Silent Suspense: The Top 5 Forgotten Hitchcock Films
The name of Hitchcock has become synonymous with intense thrillers, mystery, violence and blockbusters. Alfred Hitchcock made over fifty films over his career; ‘Vertigo’ (1958) being recently named the best picture of all time by the AFI, the production of ‘Psycho’ (1960) is currently the centre of the new feature film ‘Hitchcock’ (2013) and countless other groundbreaking scenes have become cemented in pop culture. But what about the other 40 films that have not received critical acclaim and mention in the 21st Century? Some were unremarkable, some unwatchable; however, many were as masterful and entertaining as crowd favourites ‘The Birds’ (1963) and ‘North by Northwest’ (1959). Below is a list of theses top five forgotten Hitchcock masterpieces:
5. I Confess (1953)
Although ‘I Confess’ (1953) stars the legendary Montgomery Clift and Anne Baxter it is odd that as a Hitchcock film it has less longevity. In a plot filled with flashbacks, it tells of a priest Father Logan (Montgomery Clift) who has heard in the confessional one of his followers admit to stealing money and murdering a person. As the investigation of the death increases, Logan becomes implicated but he cannot reveal what he knows without breaking the sanctity of the confessional.

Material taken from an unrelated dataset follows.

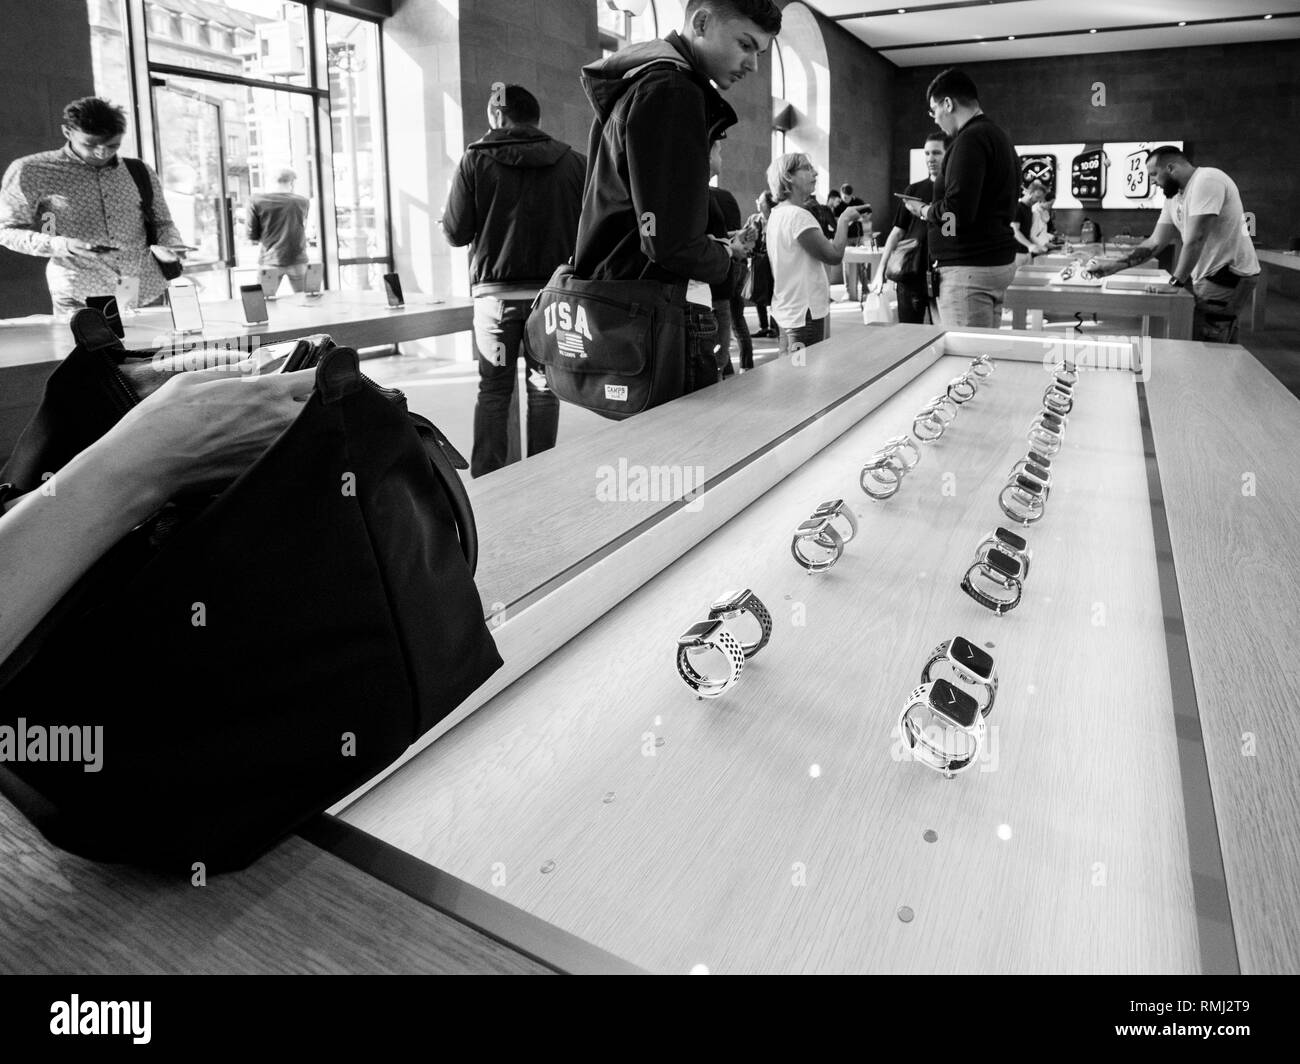 STRASBOURG, FRANCE - SEP 21, 2018: Apple Store with customers people buying admiring the new latest Apple Computers Watch Series 4 wearable smart watch - presentation in a row black and white Stock Photo

It is soon revealed that Logan had a relationship with Ruth Grandfort (Anne Baxter) who was married and also appears to be involved in the crime. The talents of both Baxter and Clift are obvious in this suspenseful thriller, making it worth watching for both Hitchcock and classic film lovers.
4. The Lady Vanishes (1938)
‘The Lady Vanishes’ (1938) marks the second last film Hitchcock made in Britain and another masterpiece introducing little known British actors to the American public. Michael Redgrave, Margaret Lockwood and Paul Lukas star as disgruntled travellers eager to return to pre-World War II England by train. While delayed by an avalanche, a woman disappeared. Some passengers don’t believe she even existed, others believe she was murdered, but as the train restarts the journey, several suspicious travellers investigate and discover a more complicated conclusion then anyone could have predicted. Admittedly, ‘The Lady Vanishes’ is not as mainstream or ‘a blockbuster-ish’ compared to other later Hitchcock films, but it’s an entertaining movie and an important part of the director’s legacy.
3. Frenzy (1972)
Frenzy (1972) was Hitchcock’s second last film and very significant when looking at his collection of works as a whole. Firstly, it is the only Hitchcock film to feature nudity and, secondly, includes the most harrowing and disturbing act of violence to appear in any of the director’s movies. The story focuses around a serial killer (played by Barry Foster) who is raping and murdering young women in London similar to ‘Jack the Ripper’ or ‘The Christie Murders’. It centres on the particulars of the criminal investigation with the blame initially being placed on the real perpetrators friend Richard Blaney (Jon Finch) and his attempts to prove his innocence. Interestingly, out of all the directors films, ‘Frenzy’ features the most unknown cast of actors and yet – even including the shocking scenes of violence – is an entertaining and interesting film.
2. Shadow of a Doubt (1943)
Probably one of the least “Hitchcocky” films of this list, ‘Shadow of a Doubt’ features neither the ‘cool-blonde stereotype’, sexual tension nor the graphic violence that the legendary director almost meticulously incorporated into his more famous films. However, despite this the movie has the most enchanting and likable heroine – played by Teresa Wright – and a typical heart-stopping mystery that makes it a must watch classic Hitchcock film. It tells the story of the young Charlie (real name Charlotte) who is bored by her predictable life in an ordinary middle class town. Her life is turned upside-down by the arrival of her uncle Charlie (Joseph Cotton), to whom she is named, and there intimacy brings her closer to uncovering his secret and the crimes he may or may not have committed.
1. Lifeboat (1944)
Another ‘non-typical’ Hitchcock film, ‘Lifeboat’ (1944) is my personal favourite of all the films on this list and illustrates perfectly the pure talent of its director. The film tells the story of a group of people who, after their ship is sunk, wait for rescue and fight for survival in a small lifeboat. As one of Hitchcock’s great ‘limiting’ films, he proves that a 90 minute movie can still be entertaining and suspenseful within a tiny set and with limited actors. It stars Tallulah Bankhead and little-known Western actor John Hodiack as lead passengers and Walter Slezak as the German captain who causes trouble among the survivors.